Siblings share both genes and family environment, but research shows siblings are similar in personality only about 20 percent of the time. When a parent is no longer able to live independently and adult siblings have to transition into the role of decision-maker, it’s common for siblings to disagree on the best approach.
“Different siblings have different personalities,” says Barry J. Jacobs, a Clinical Psychologist and Health Care Consultant and Author of The Emotional Survival Guide for Caregivers.
It’s not surprising, then, that old patterns can resurface.
“People can be competent in their professional lives and successful in their careers, but when they interact with their siblings, they may revert back to old patterns — and triggers and grudges can resurface,” says Crystal Thorpe, a Professional Family Mediator and Co-Founder of Elder Decisions, in Norwood, Massachusetts, and a Co-Author of Mom Always Liked You Best: A Guide for Resolving Family Feuds, Inheritance Battles & Eldercare Crises. “They might interact in ways they did when they were growing up that don’t fully reflect who they are now.”
Here’s a look at six common roles siblings assume in times of caregiving stress.
1. The Boss
This is the sibling who thinks they always know what’s best. It is common for this person to discredit all other family members’ experiences and knowledge. Maybe The Boss in your family works in healthcare and thinks they’re the only one qualified to care for your parents, or perhaps The Boss is the oldest child who is used to being in charge.
The Boss might also manifest as The Arguer, who can make any decision-making process feel exhausting.
“It’s an unusual family situation when the decision-making and care responsibilities are equally distributed,” Jacobs says. “There can often be a lot of jockeying for power.”
2. The Avoider
This is the sibling who avoids involvement at all costs, for any multitude of reasons.

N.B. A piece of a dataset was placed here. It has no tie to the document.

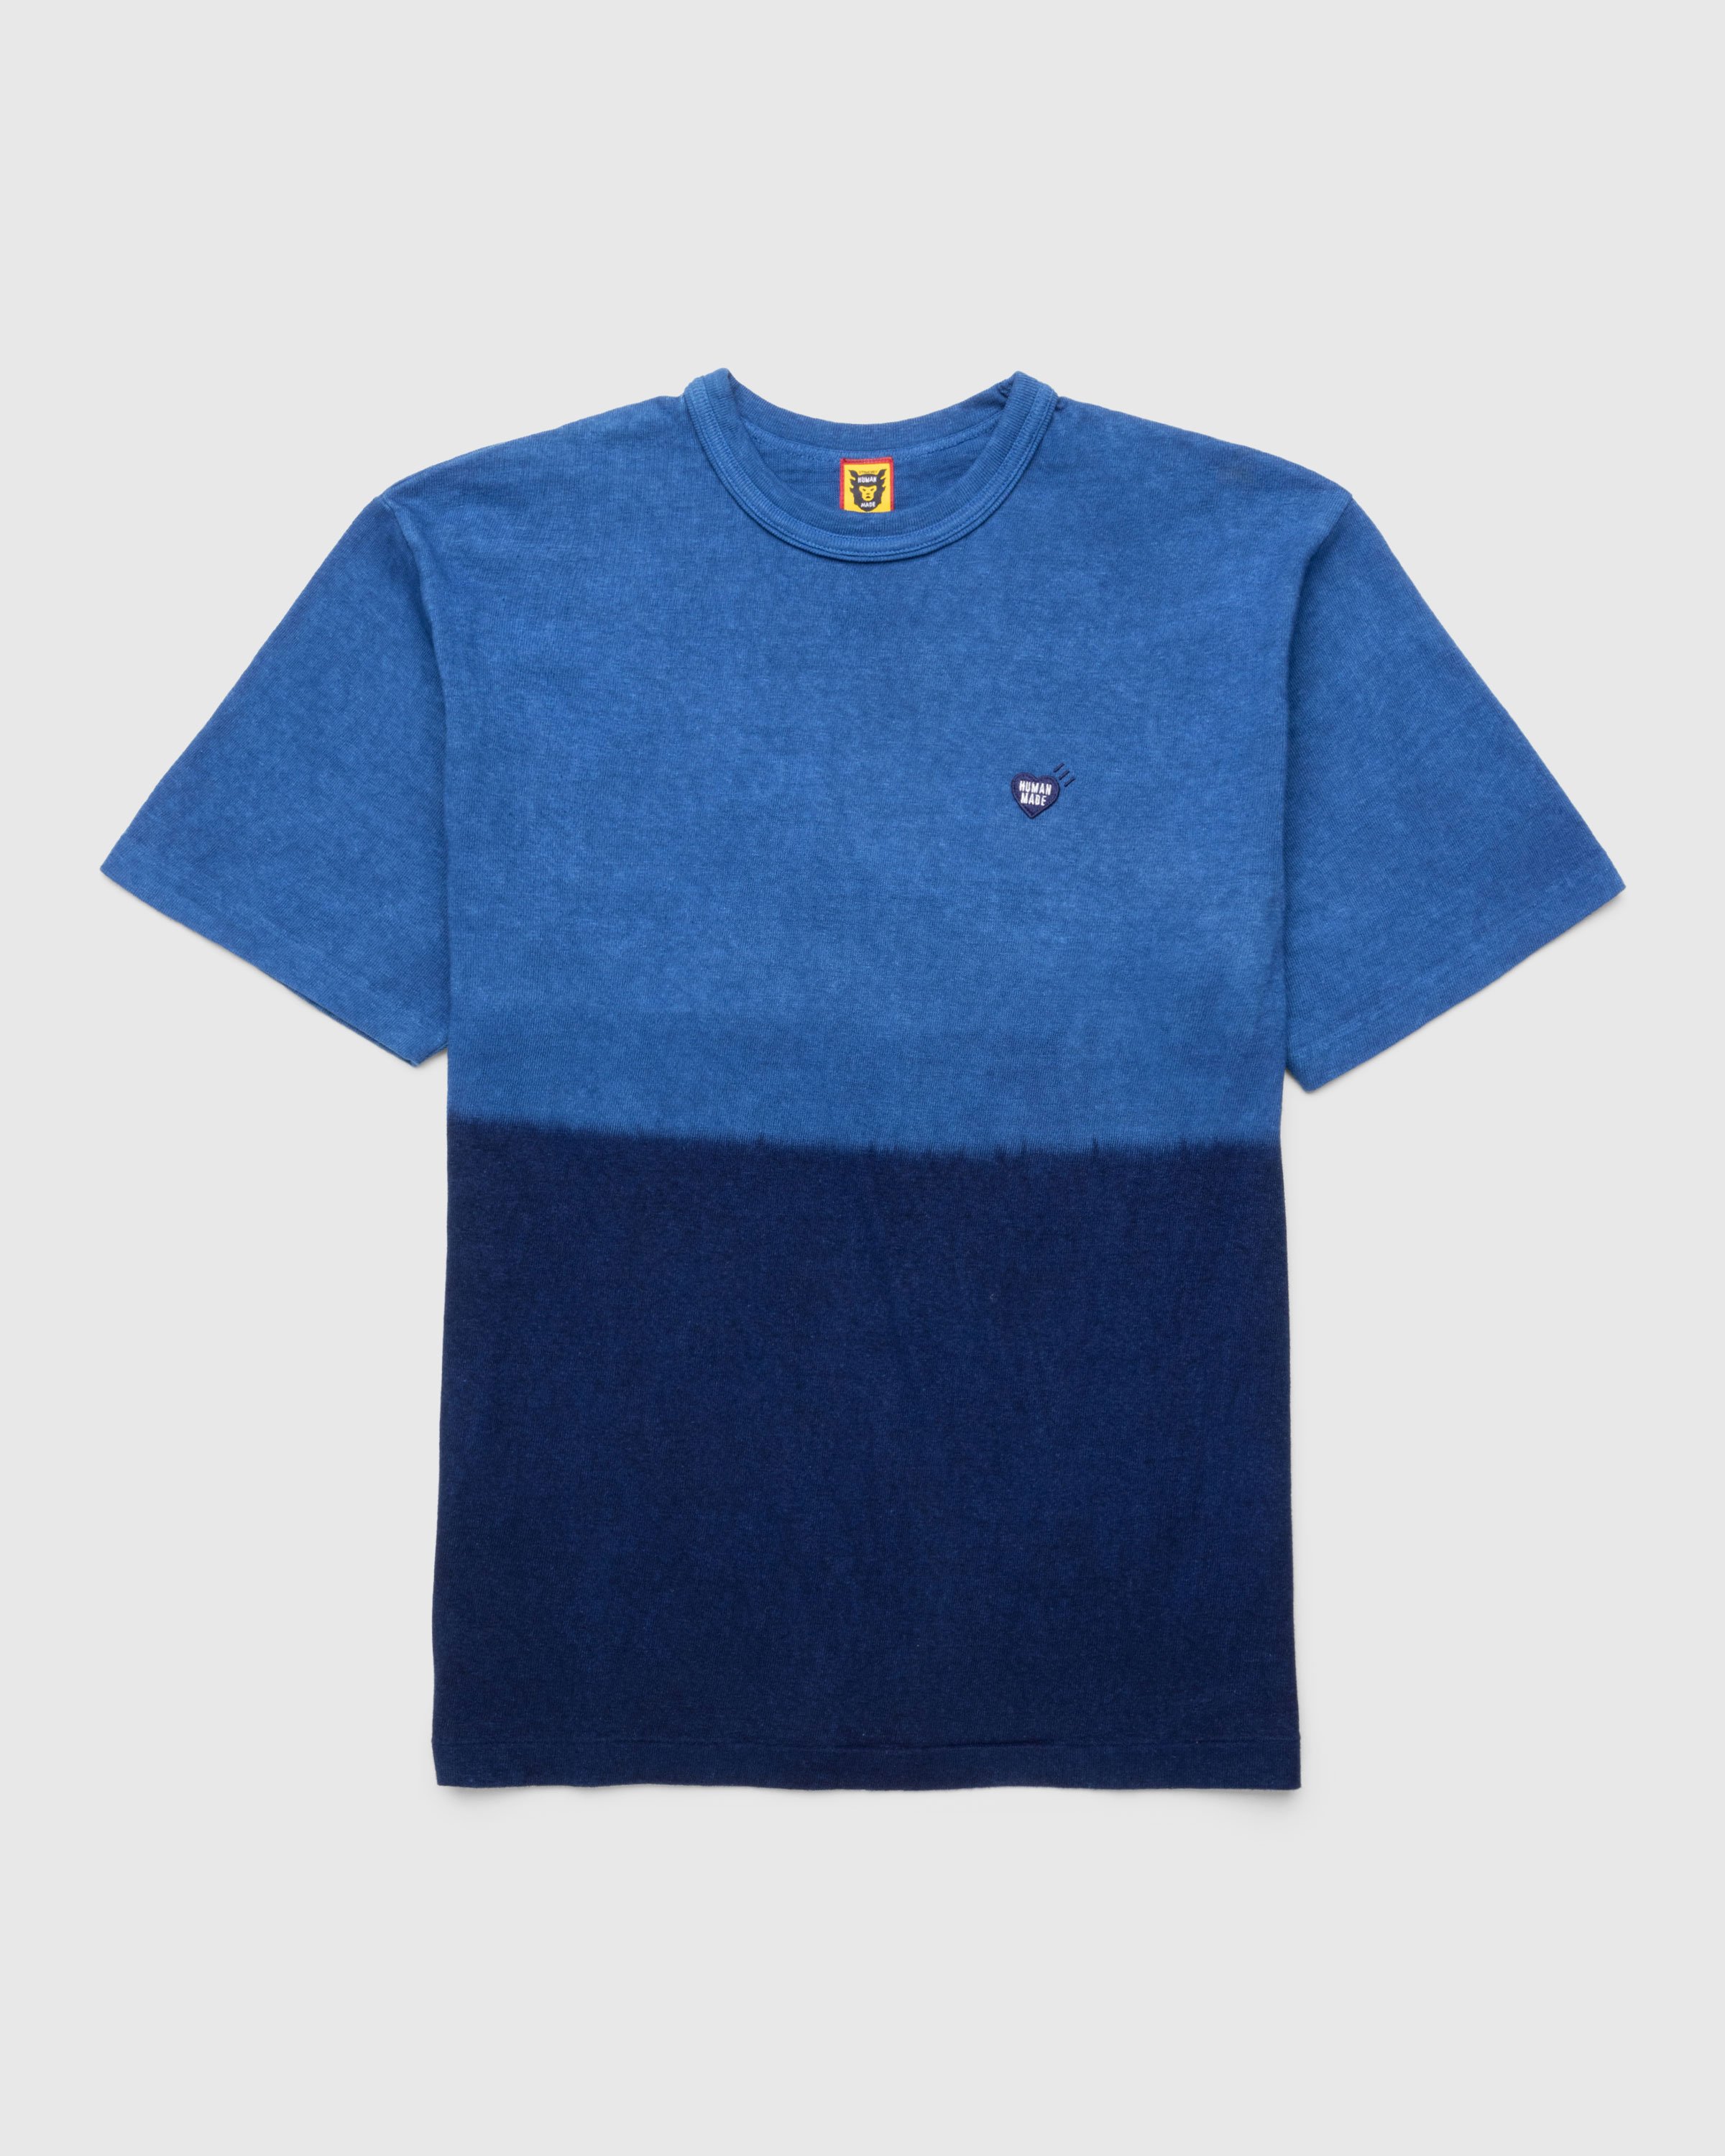 Human Made – Ningen-sei Indigo Dyed T-Shirt #2 Blue | Highsnobiety Shop

Maybe the Avoider in your family says they just can’t bear to see Mom or Dad in this condition so they defer responsibility to others on a regular basis.

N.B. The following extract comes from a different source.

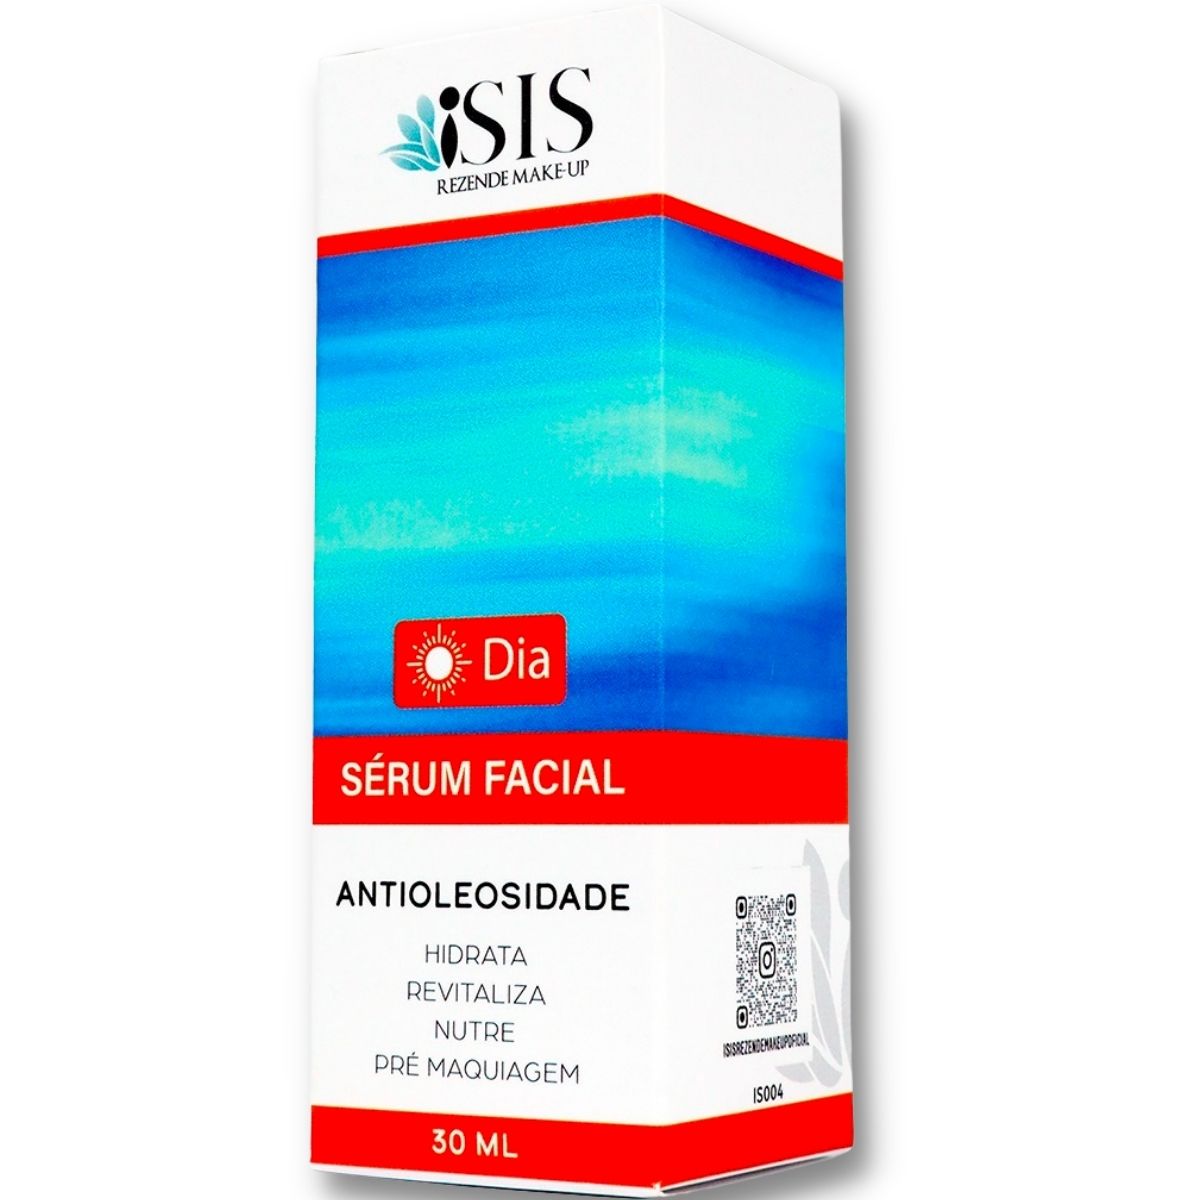 Sérum Facial Antioleosidade 30ml - Isis Rezende Makeup

“Parents have always taken care of their kids, and all of a sudden, the kids are responsible for caring for their parents,” says Joanne Housianitis, Director of Outreach for The Arbors at Dracut and The Arbors at Stoneham.
Watching a parent decline in mental or physical abilities is emotionally challenging enough. Add in taking on tasks for which you have no training for and making decisions about finances and care, and it can be downright overwhelming.
3. The Swooper
This is the long-distance sibling who usually only comes home around the holidays.
“The Swooper comes in from out of state and thinks everything needs to change, changes things, and then swoops away,” Thorpe says. “It can be positive — someone with fresh eyes can see something. It can also feel very disruptive and leave the local caregiver feeling unappreciated or not understood.”
4. The Pauper
This is the sibling who is unable to visit or assist in any way because of financial reasons. Often, the Pauper avoids any type of assistance to an aging parent by claiming they can’t miss work or they can’t afford a plane ticket.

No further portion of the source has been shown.